I was on my way to a Solstice event in New Mexico, where I got to wear a turban, eat Tantra Burgers and stir up some Kundalini. For three days, over a thousand of us sat in long lines facing one another, chanting and doing synchronic exercises with our hands. It was tough. And it filled me with an energy that sent me spinning off like a top, taking me on a journey of 15 states in less than three weeks.

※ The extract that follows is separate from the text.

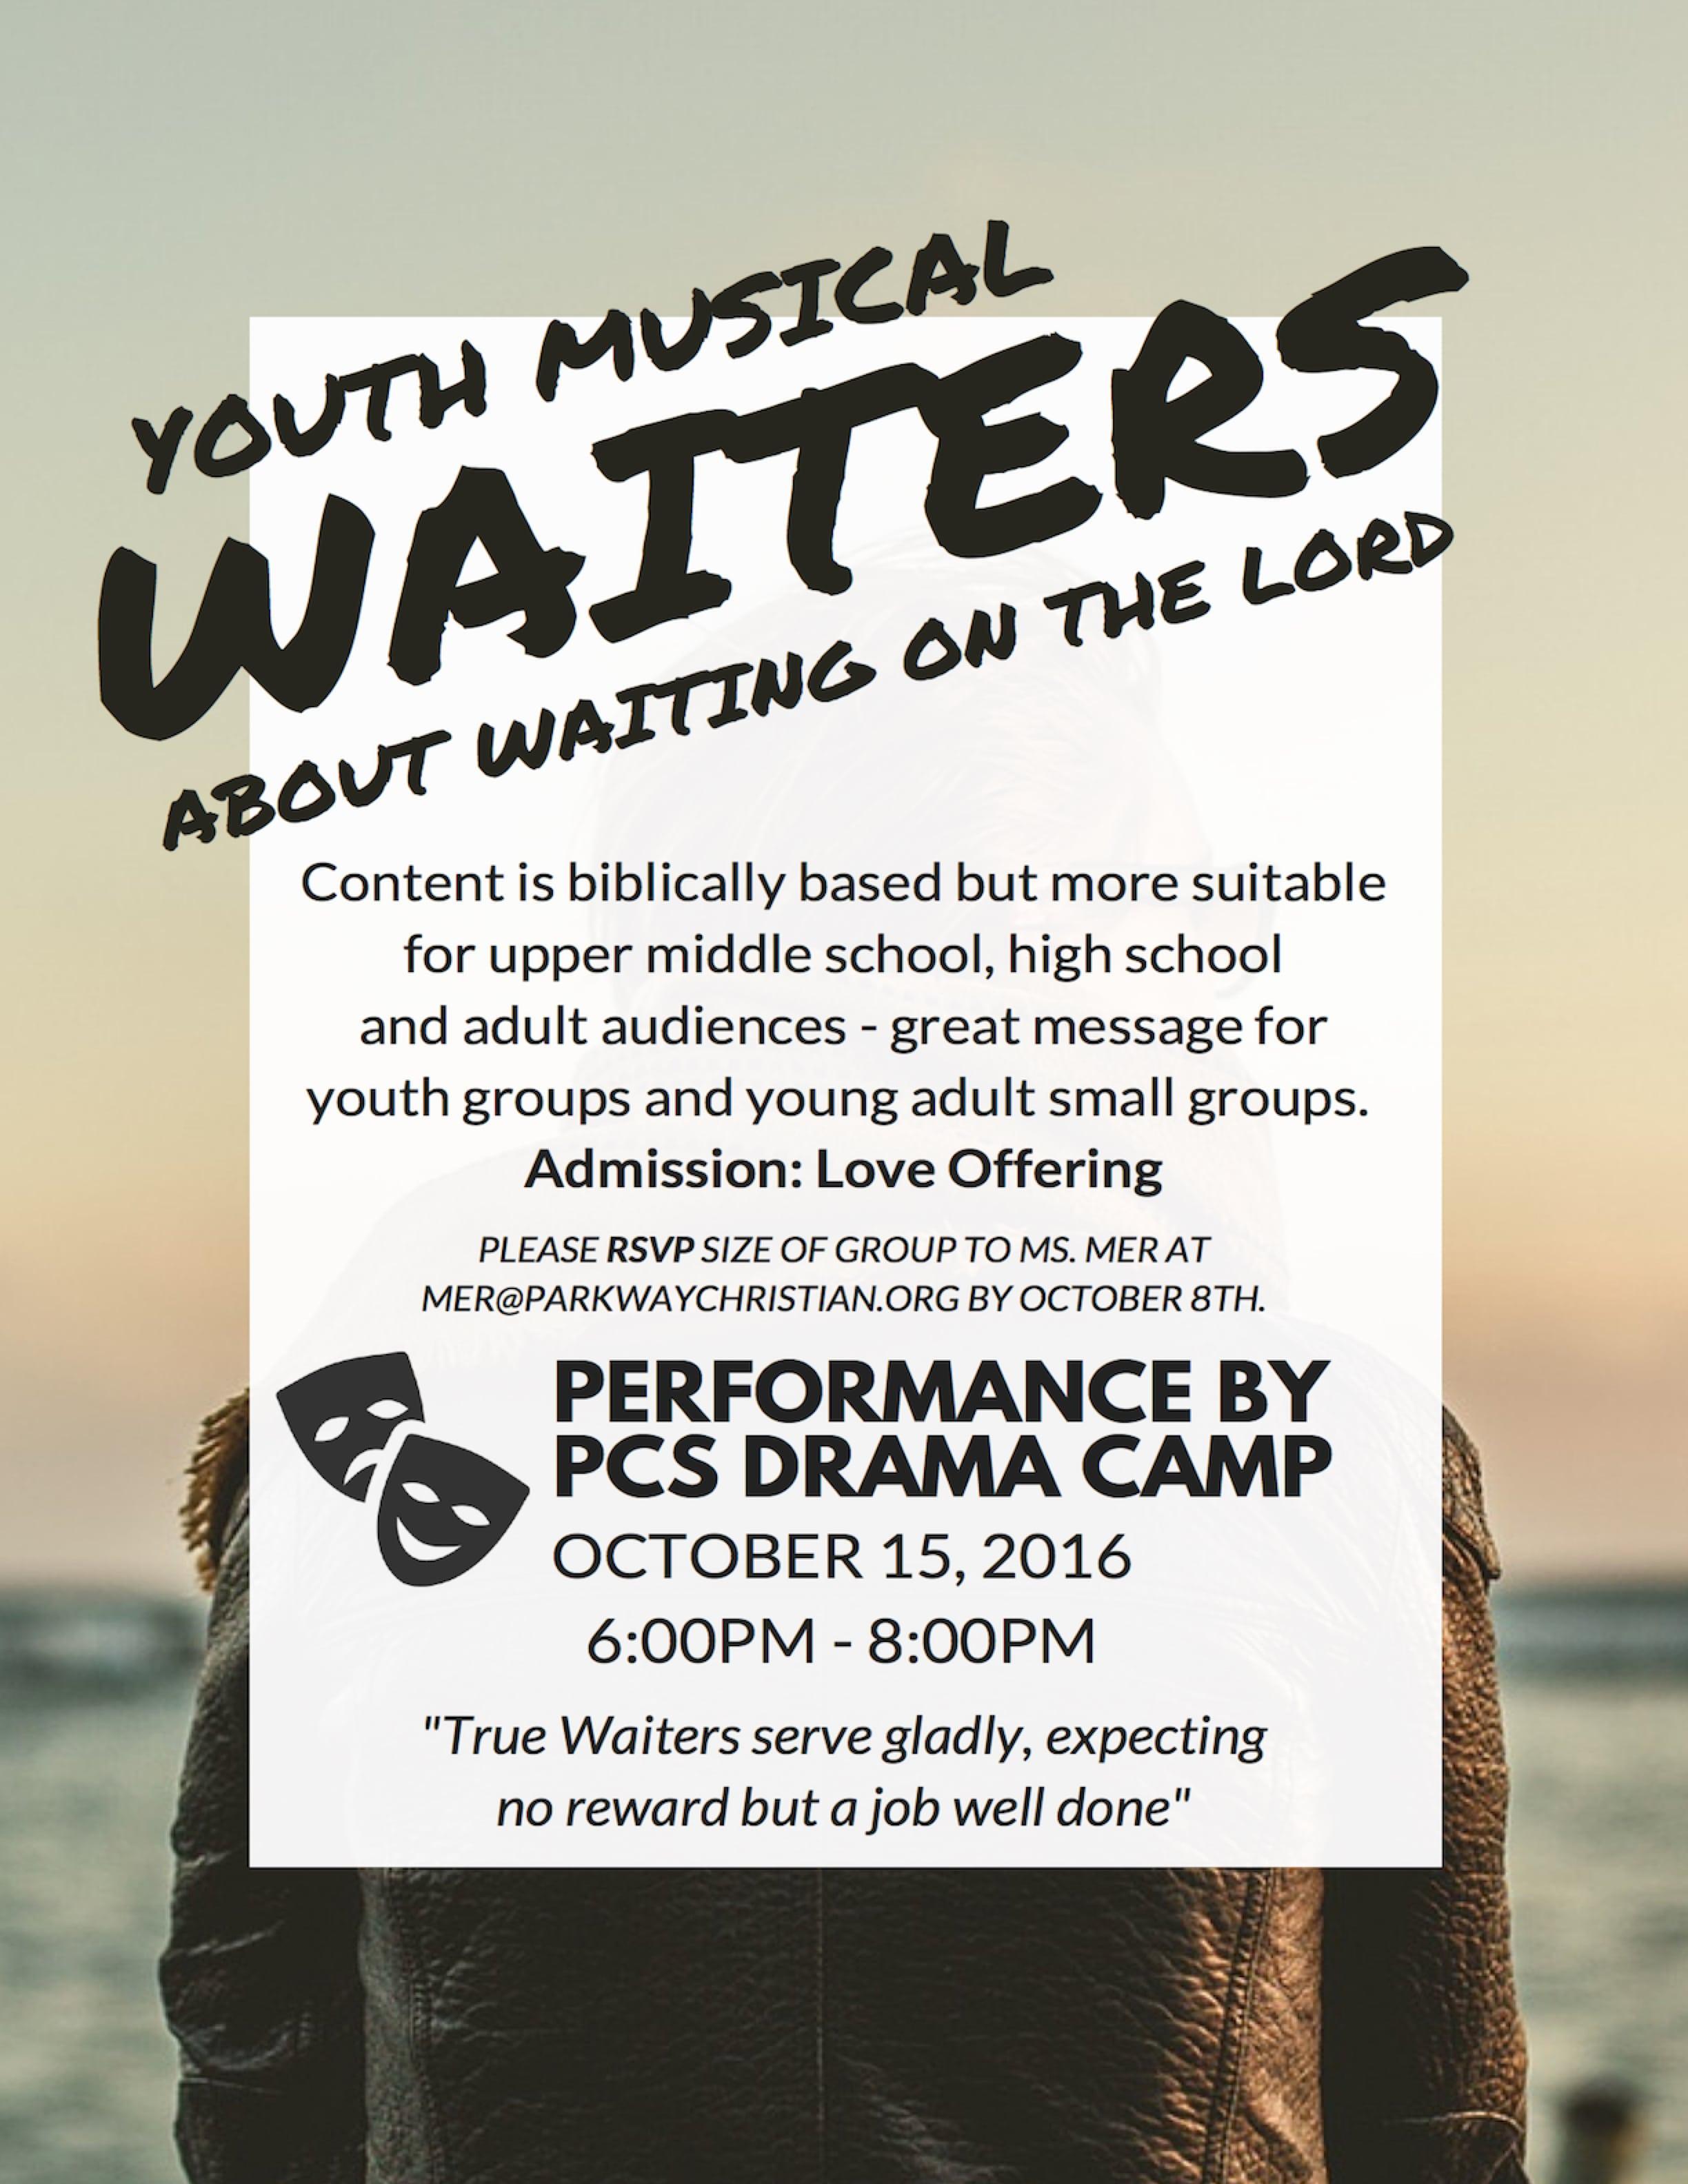 Parkway Christian School Summer Drama Camp Performance - Waiters
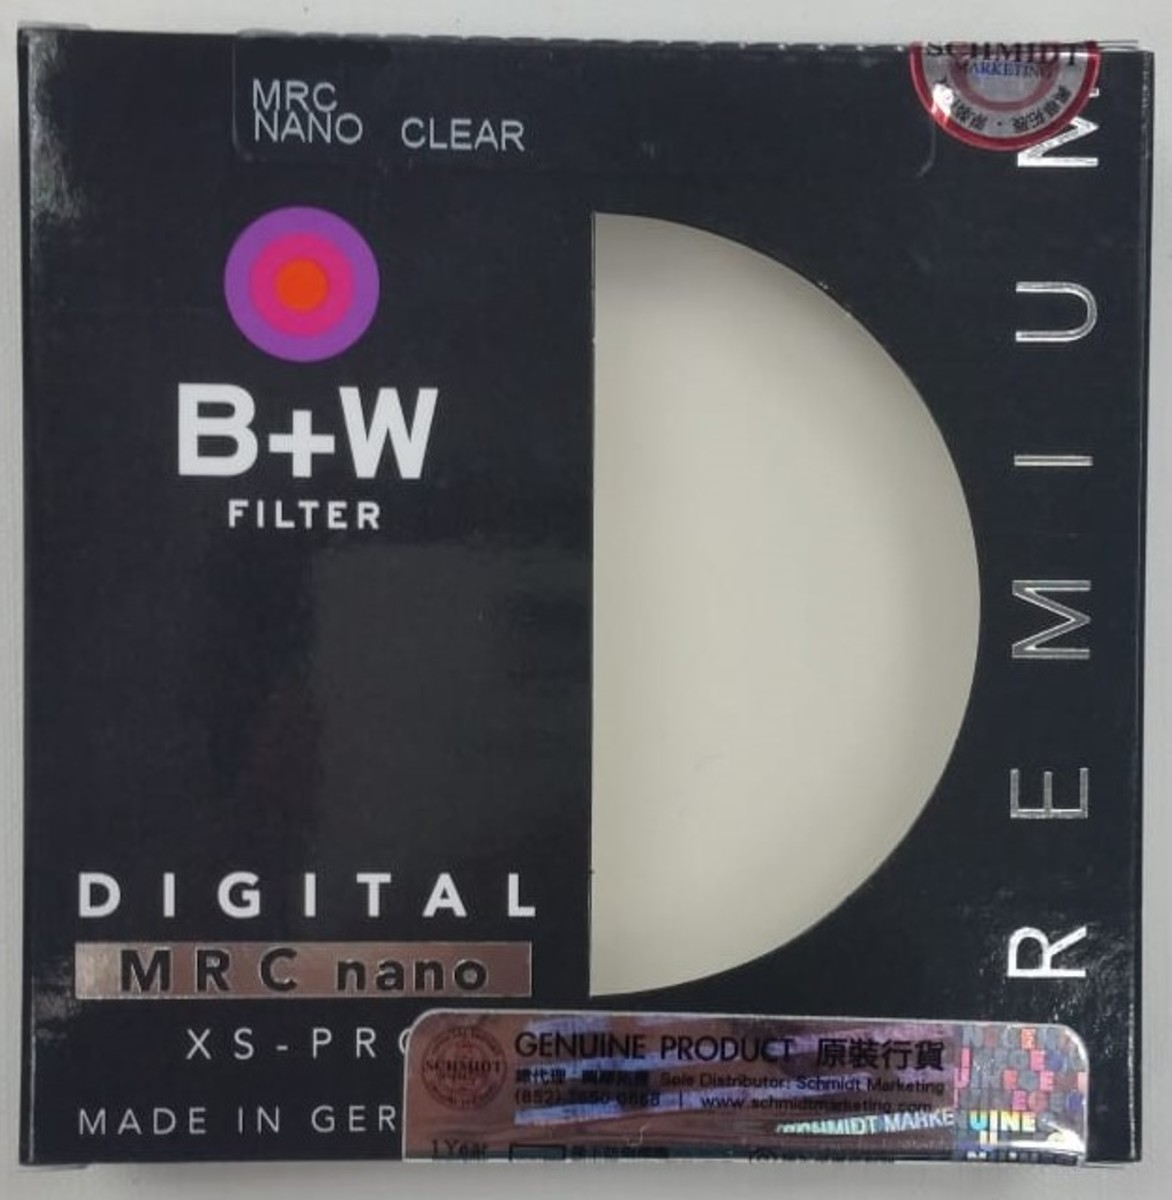 67mm XS-Pro Digital 007 Clear filter MRC nano Protector頂級保護鏡

New Mexico, Texas, Oklahoma, Arkansas, Tennessee (Graceland and Nashville), Kentucky, West Virginia. Stop for a few days at the Rainbow Gathering there. Meet new people, see many versions of me: who I was, who I could have been, who I could be, who I never want to be. Move on through Virginia to Maryland, where I stopped for a couple of nights just north of DC to catch my breath with a special friend I met at the gathering. Then Delaware, Pennsylvania, New Jersey, Ohio, Indiana, Illinois. Chicago, to deliver a car and see a friend who wasn’t really there – just like me. One night in the car, one in a fancy hotel, one at her friend’s place, and the ultimate one at Fat Johnny’s Last Resort Hostel. A fitting finale for a frazzled mind.

They say never travel faster than your soul can keep up, and somewhere between San Luis Potosi and Chicago it got left behind. I’m waiting here at Yogaville for it to return, in an envelope marked, ‘Not at this address. Return to sender.’ Last word I had was that it was due to arrive on Guru Poornima. Happy birth day! What better reason to celebrate?

Sunday, July 03, 2005

The woods here in West Virginia are green and damp. It is the middle of summer and there is a chill in the air. It is beautiful. Beyond the violins, mandolins, guitars and drums, beyond the hubbub of this Rainbow Gathering, birds still chirp and bugs still crawl.

There are thousands of people here at this annual celebration of hippydom, scattered over a number of acres in a national park. When I arrived and parked my car I heard some distant drumming through the darkness. Torch in hand, I worked my way down a faint path towards it to find the first stop in a wonderland where the paths are muddy and the people are (generally) happy.

The rainbow tribe call the ‘real’ world Babylon: a land of avarice and pride, lust and gluttony; a land where seven is far too small a number to count the sins committed. It recalls memories for me of the time my father told me the community I was living on was La-La Land; I walked the streets of his city soon after that and everywhere I saw La-La Land: in the vacant stares of the drug affected – legal or illegal, they were everywhere; I saw it in the shallow glorification of the dollar; it was rampant in the media, filled with words like ‘outrage’ and ‘special offer’; the caked on makeup did nothing to cover it and neither did the suits.

That was then. I heard someone speak of the ‘chains of Babylon’ last night and had no idea what he meant. I knew exactly what it meant when I wore a suit and bought the special offers and did everything I could to drink the pain away. Now someone says ‘the chains of Babylon’ and I hear ‘the bondage of my mind’. I am sure I could walk through that same city today and see a very different place, just as I recall doing last time I was there.

And after all that, my father was right: I am living in La-La Land. My father is often right. Only La-La Land isn’t a particular place; it is a state of mind. And maybe everybody lives in La-La Land because everybody’s reality is a mere reflection of their mind: I show ten people the same thing and they will all report a different experience. Multiply this by every single sensation and it becomes clear why people can seem so different to one another. Perception is the master of illusion.

So this is La-La Land. As they say here at the Rainbow Gathering: Welcome home!